The Governor of the Central Bank of Libya, Al-Sidiq Al-Kabir called on the Speaker of the House of Representatives (HoR), Aqila Saleh, for the necessity of approving a unified government, unifying spending, and issuing a decision to devalue the dinar exchange rate to US dollar (USD) to address the current crisis.
This call came in a letter, in which Al-Kabir suggested adjusting the exchange rate to between 5.95 dinars and 6.15 dinars per dollar, thus devaluing the dinar as the current rate stands at 4.80 dinars per a dollar.
"This is to collect an amount of 12 billion dinars to pay off the debt and for development projects." Al-Kabir said, expecting that the volume of demand for the dollar this year would be about $36 billion, compared to oil revenues of $24 billion, meaning that the deficit would be very large, according to the letter.
The Governor indicated that expenditures for 2023 alone amounted to 165 billion dinars, with unknown-sources parallel spending, which increased the demand for foreign currency exchange.
Earlier on Tuesday, data issued by the Central Bank of Libya reported that the country’s revenues during last February amounted to 14 billion and 336 million dinars, while expenditures recorded 10 billion and 923 million dinars, achieving a surplus estimated at 3.4 billion dinars.
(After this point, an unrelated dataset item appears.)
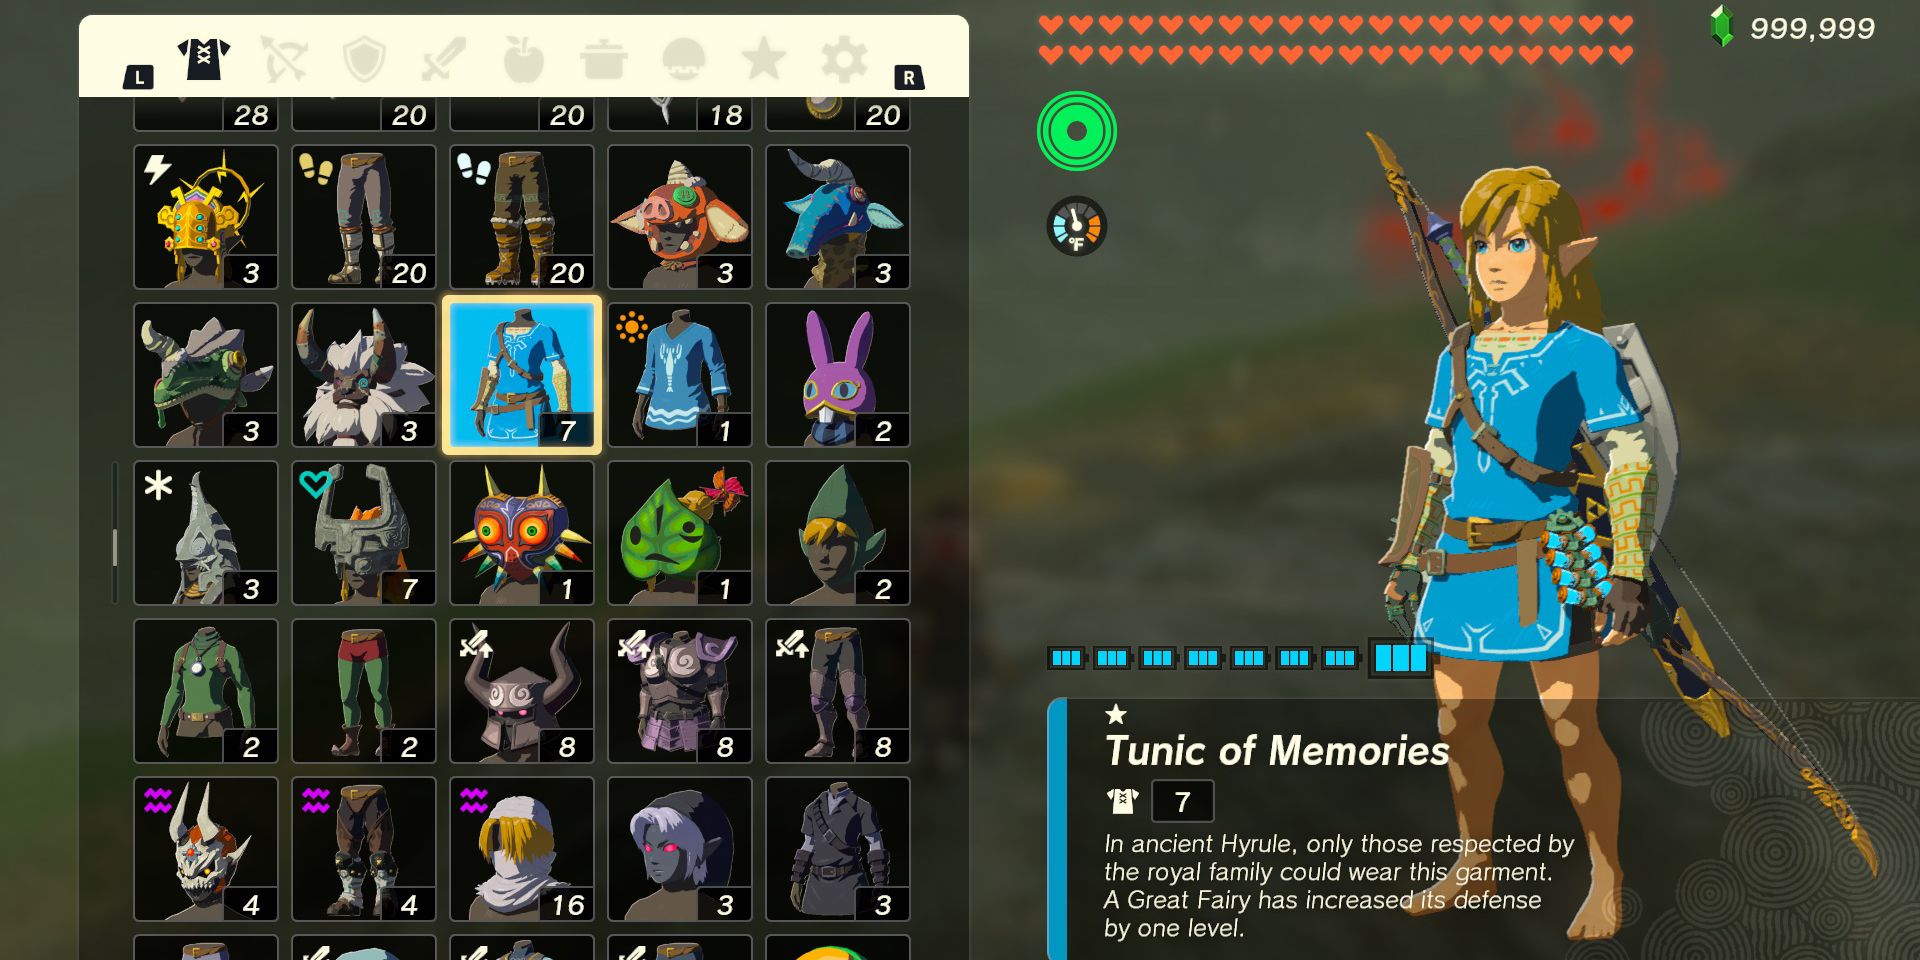 The Tunic of Memories armor piece in The Legend of Zelda: Tears of the Kingdom

Oil sales revenues also amounted to 12 billion dinars, and oil royalties reached two billion dinars, while revenues from taxes, customs, and fuel sales did not exceed 52 million dinars, 65 million dinars, and 30 million dinars respectively, while the value of other revenues amounted to 219 million dinars.
The salaries of public and government institutions accounted for the majority of expenses during the past month, recording 10.3 billion dinars, while subsidies reached 623 million. The Central Bank’s data did not record any development, administrative, or emergency expenses or financial arrangements for the National Oil Corporation and the General Electricity Company.